At the CVM since May 2022, interim president João Accioly highlighted that, if there was an omission, it was in the disclosure of what was done to inhibit fraud in the financial market.

“There was an omission in disclosing what was done. Compliance Zero [operação da Política Federal (PF) que investigou o Banco Master] is done after the CVM communicates to the MPF [Ministério Público Federal]in June 2025, evidence of a contribution of almost R$500 million [do Banco Master] in orange clinics. The CVM detected it in its supervision”, stated Accioly.

According to the interim president, it was from the CVM that the information for the PF operation came from. Accioly also mentioned that 200 processes were opened, 24 of which involved the attempted purchase of Banco Master by Banco Regional de Brasília (BRB).
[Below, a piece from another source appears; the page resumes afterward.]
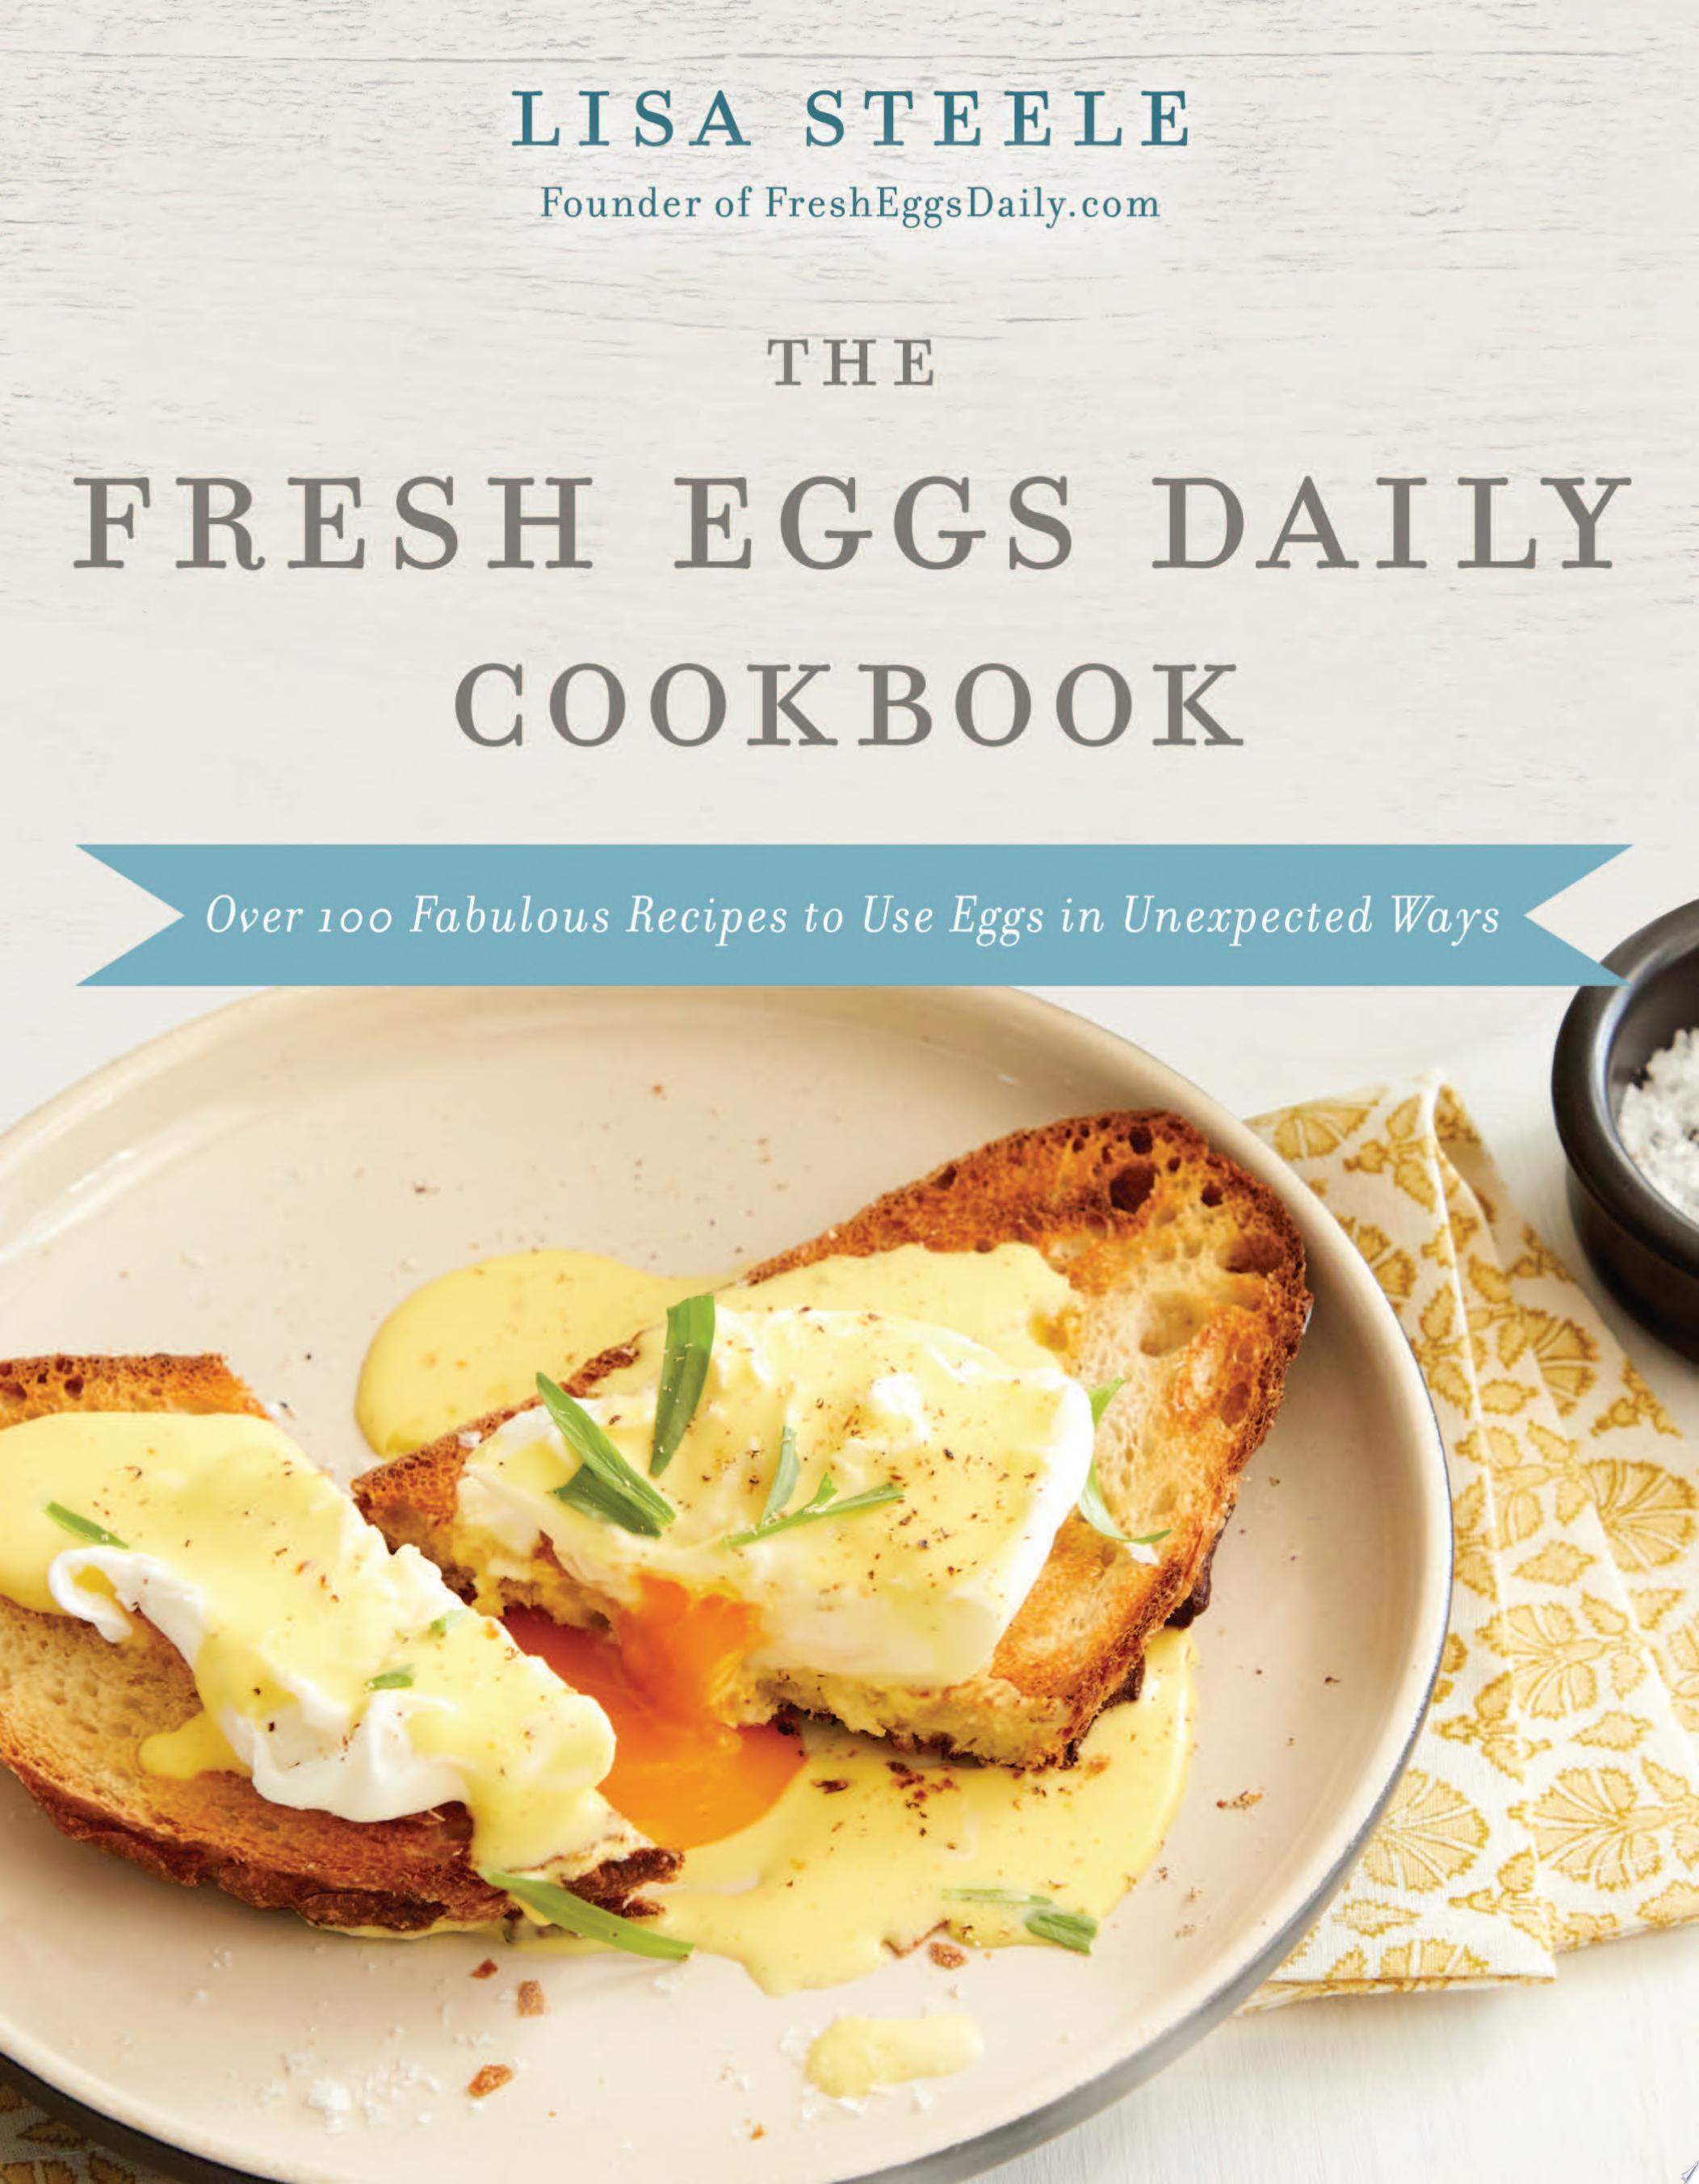 Image for "The Fresh Eggs Daily Cookbook"

“There are several examples of actions that the CVM took”, highlighted the president, mentioning that the responsibility for the crime lies with the criminals, not with the inspection institutions, despite recognizing that there is room for improvement.

“Whenever you have a certain institutional design, fraudsters identify how that system evolved and the loopholes that, eventually, still remain. So, when there is a major fraud, the institutional response is aimed at improving the instruments that, if there had been before, they would perhaps have curbed”, he said.

What was the fault?

The senator from the Federal District (DF), Leila Barros (PDT), questioned the president of the CVM about where the flaw in the financial market protection system was as he claims that the institution did its job.

“The processes were taking place, the investigation took place, but the situation happened, the fraud, the mistakes. Where did the error occur? If the CVM identified it, it is there, communicated it to the Public Prosecutor’s Office and the fraud happened, where is the error?”, asked Leila.

Accioly said that it is too early to identify the flaws, and informed that CVM created a working group (GT) to identify the Commission’s main errors.

“In the report [do GT]you will have an introspective view to learn what worked well and what didn’t work well to improve. There may have been an error. It is certainly not impossible. What appears first are the various successes, but mistakes will appear too”, replied João Accioly.

The CVM has a president and four directors, appointed by the President of the Republic and approved by the Federal Senate. The term of office of directors is five years, and reappointment is prohibited. Currently, the board has three vacant director positions, two of which are nominated and awaiting hearings from the senators.